Santa Fe Commons Park in Overland Park remains one of the busiest developments in the Kansas City area. 

All around 80th and Metcalf, new lofts and apartment buildings fill the skyline. It's exciting to Kate Sweeten, with Downtown Overland Park Partnership.

"We're seeing new residents -- we're seeing a lot of new interest in downtown Overland Park," Sweeten said. "There are a lot of eyes across Kansas City now looking at this area in a new light, that it's not kind of the old, sleepy downtown."

One important piece to all the downtown Overland Park redevelopment is more parking. New parking spaces have been added along 79th street.
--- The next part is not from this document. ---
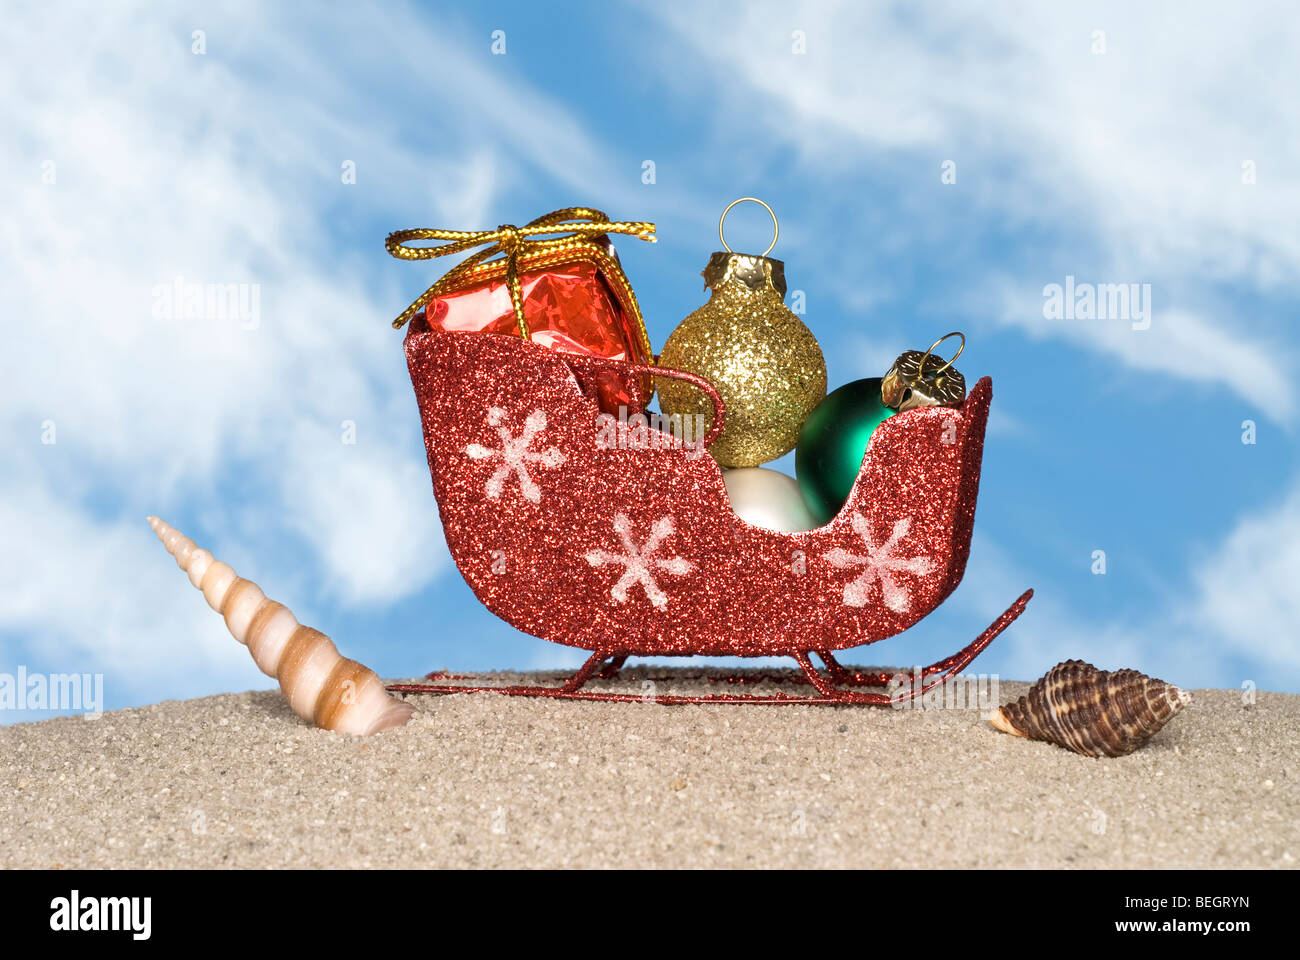 Santa's sleigh, loaded with ornaments and presents, on a sandy beach with seashells. Stock Photo

Another 400 are planned at 80th and Marty as part of the nearly $54 million five-story Edison OP project, set to begin this Fall.

People want an interesting place to live, work and play, said Carl Gerlach, Overland Park mayor. 

"They want to be able to live in a thriving area that they can walk out at night time, they can walk out during the day, they can work during the day or they can walk to a coffee shop before they go to work, and afterwards they can go to a restaurant, and they can do that," Gerlach said.

At the Downtown Farmers Market vendors are looking forward to the influx of new residents.

"It's pretty amazing, actually, that they're going to expect another thousand or 1,500 residents here," said Dave Derr, who runs the Wiener Wagon. "That's pretty cool."

Meanwhile, some people are not as enthusiastic about the growth and development. They hope the market and other local downtown businesses do not lose out on new opportunities.

"When you bring in all the shopping and consumerism, it brings in materialism, and I feel like it disconnects us from (the farmer's market)," said one woman.

Mayor Gerlach said they want to maintain the rich history of downtown Overland Park and they have no plans to change that.

"We have a lot of small bakeries, a lot of small shops that are still here," Gerlach said. "We aren't looking for a big Lowe's to come in here or a Home Depot."

Ten years ago, the city set out on the Vision Metcalf Plan, a strategic plan to increase residential development. Mayor Gerlach said he is happy to see it finally taking off.